START DATASET EXCERPT
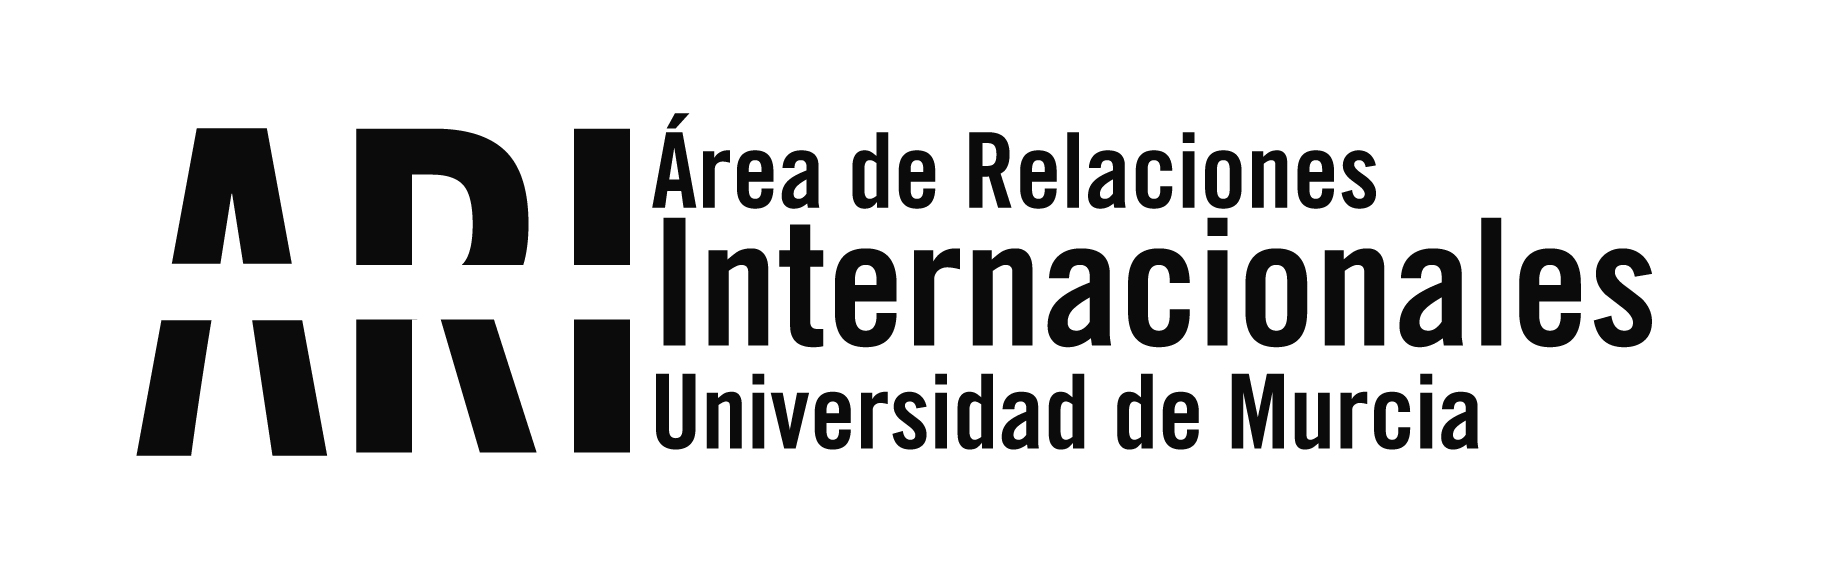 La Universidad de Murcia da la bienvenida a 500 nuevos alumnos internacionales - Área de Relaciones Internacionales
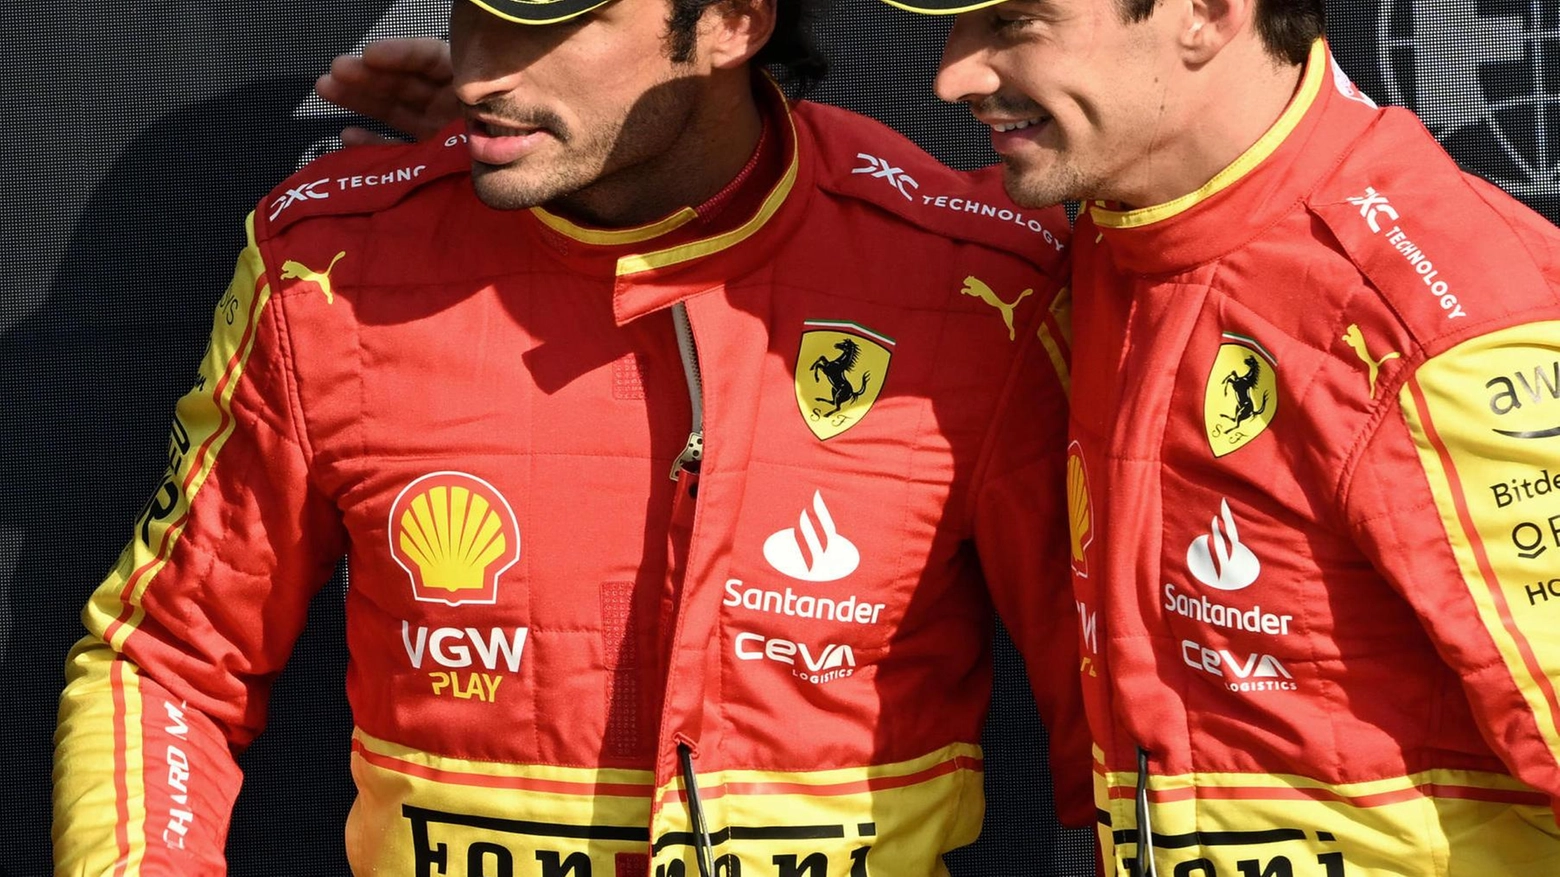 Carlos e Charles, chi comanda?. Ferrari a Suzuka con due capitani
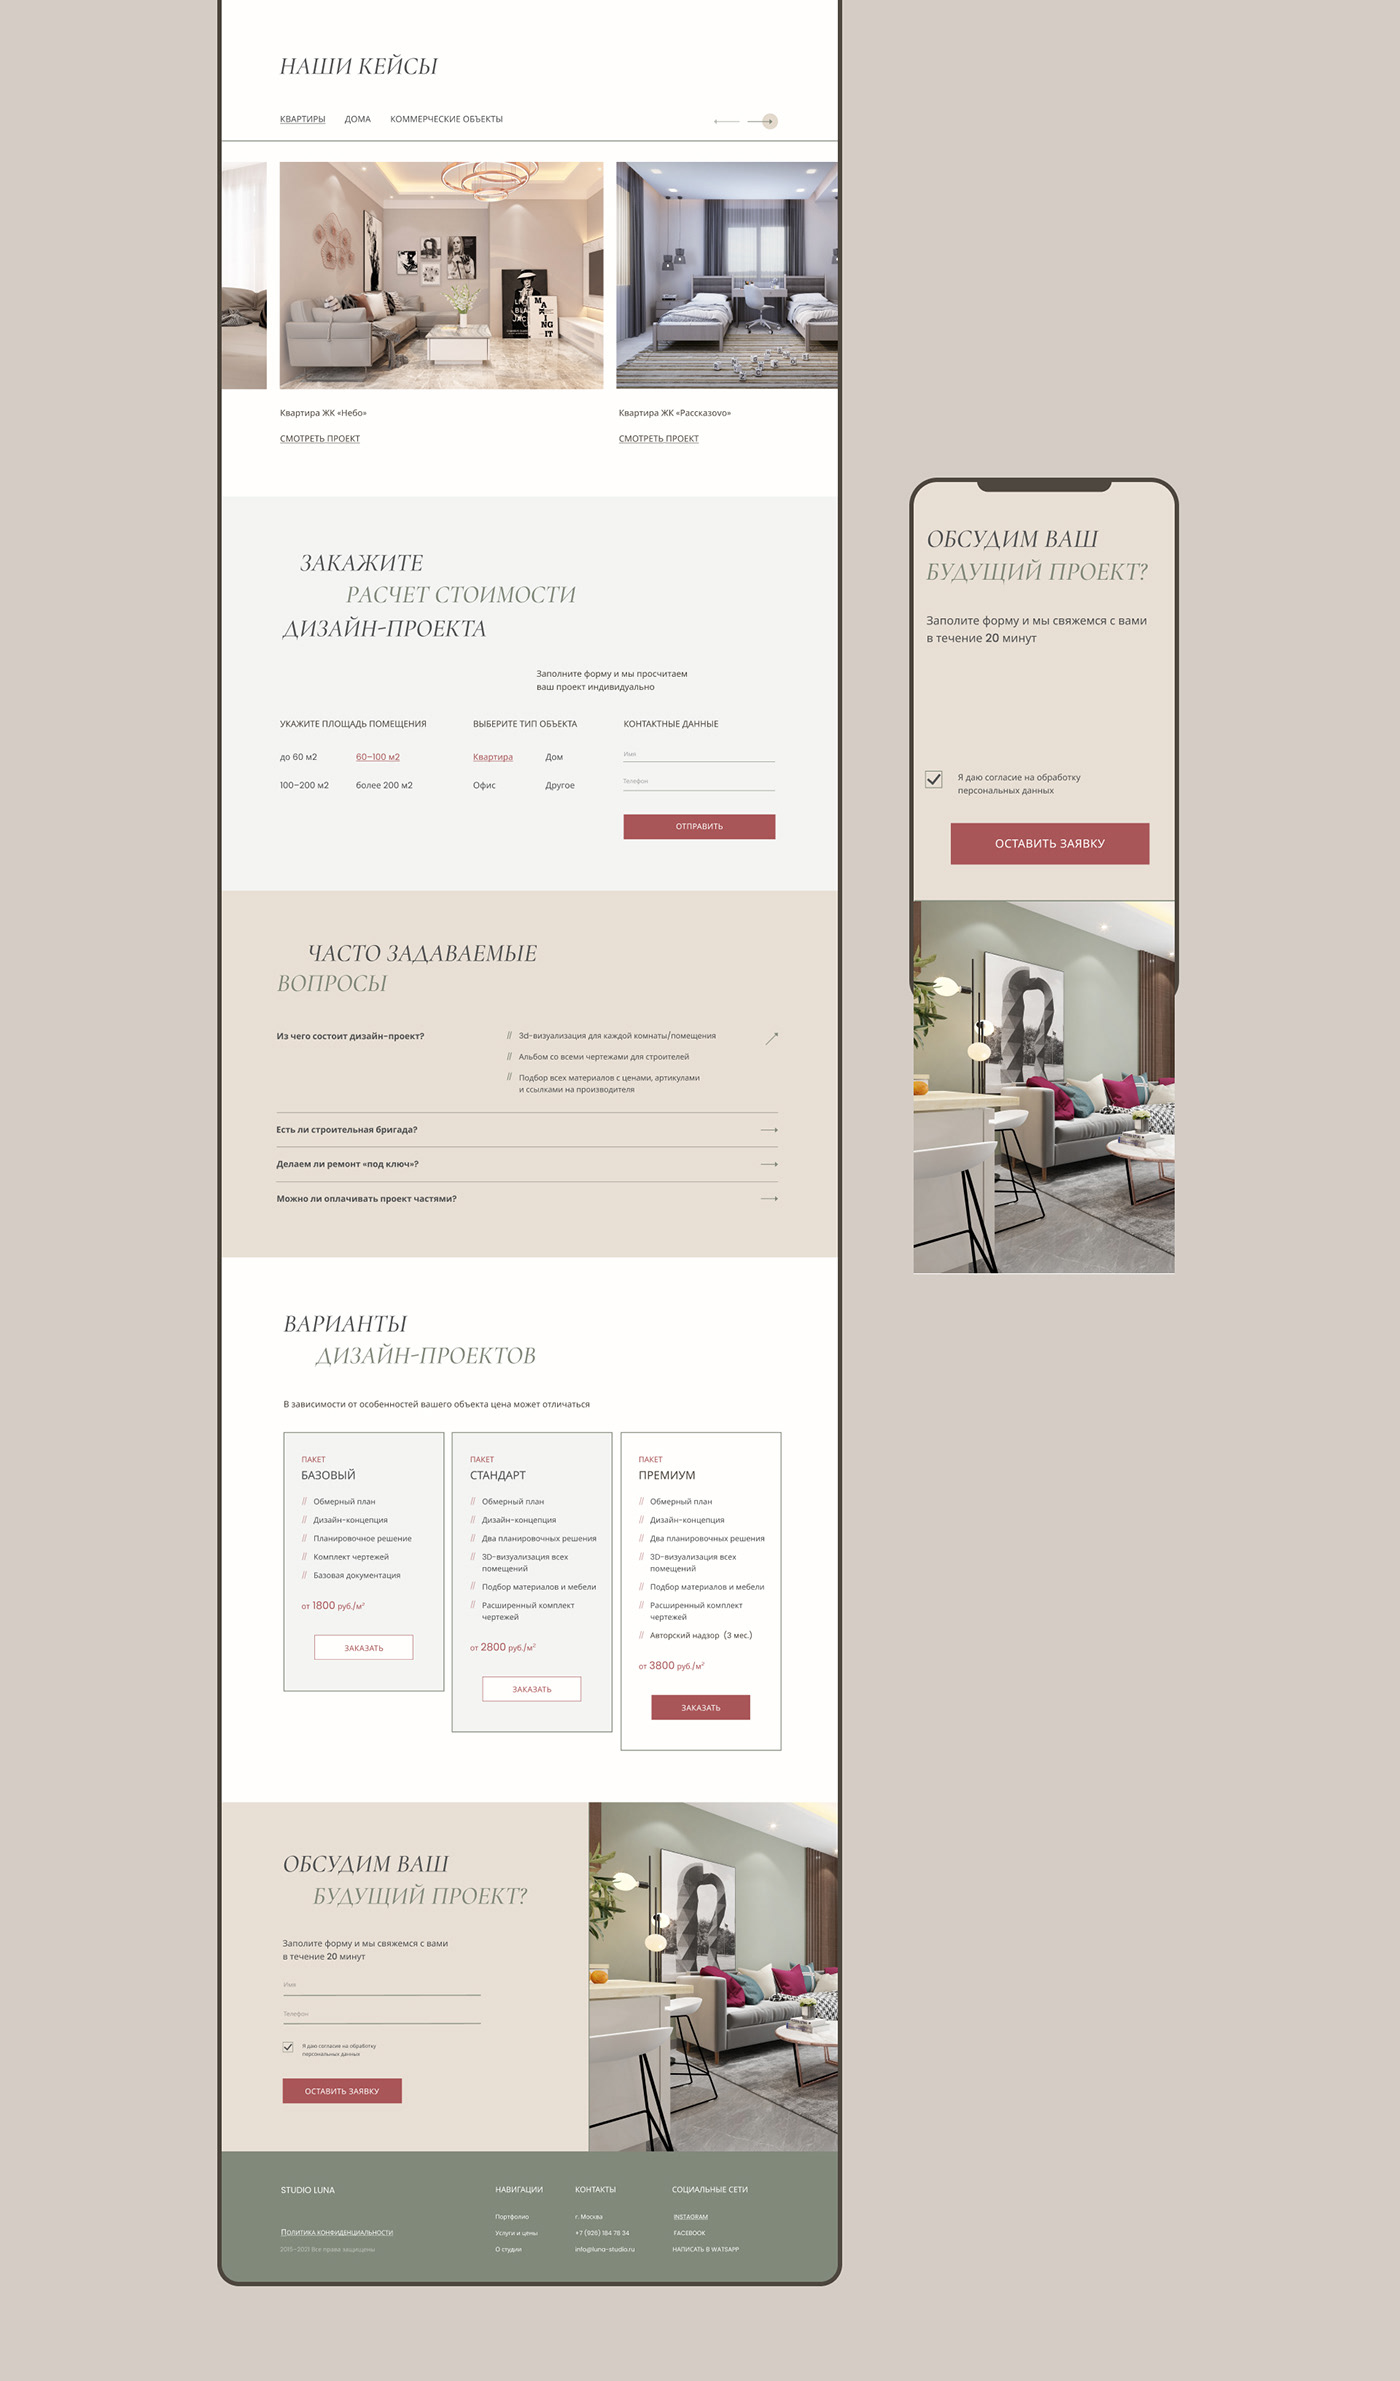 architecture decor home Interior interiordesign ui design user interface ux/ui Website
END DATASET EXCERPT
_INSTRUCTIONS FOR THE TASK:_ Precisely the lines from the one containing "Carlos e Charles, chi" to the end of the data above, both included, should be printed; leave the pictures out.

_RESULT OF THIS TASK:_
 Carlos e Charles, chi comanda?. Ferrari a Suzuka con due capitani
 architecture decor home Interior interiordesign ui design user interface ux/ui Website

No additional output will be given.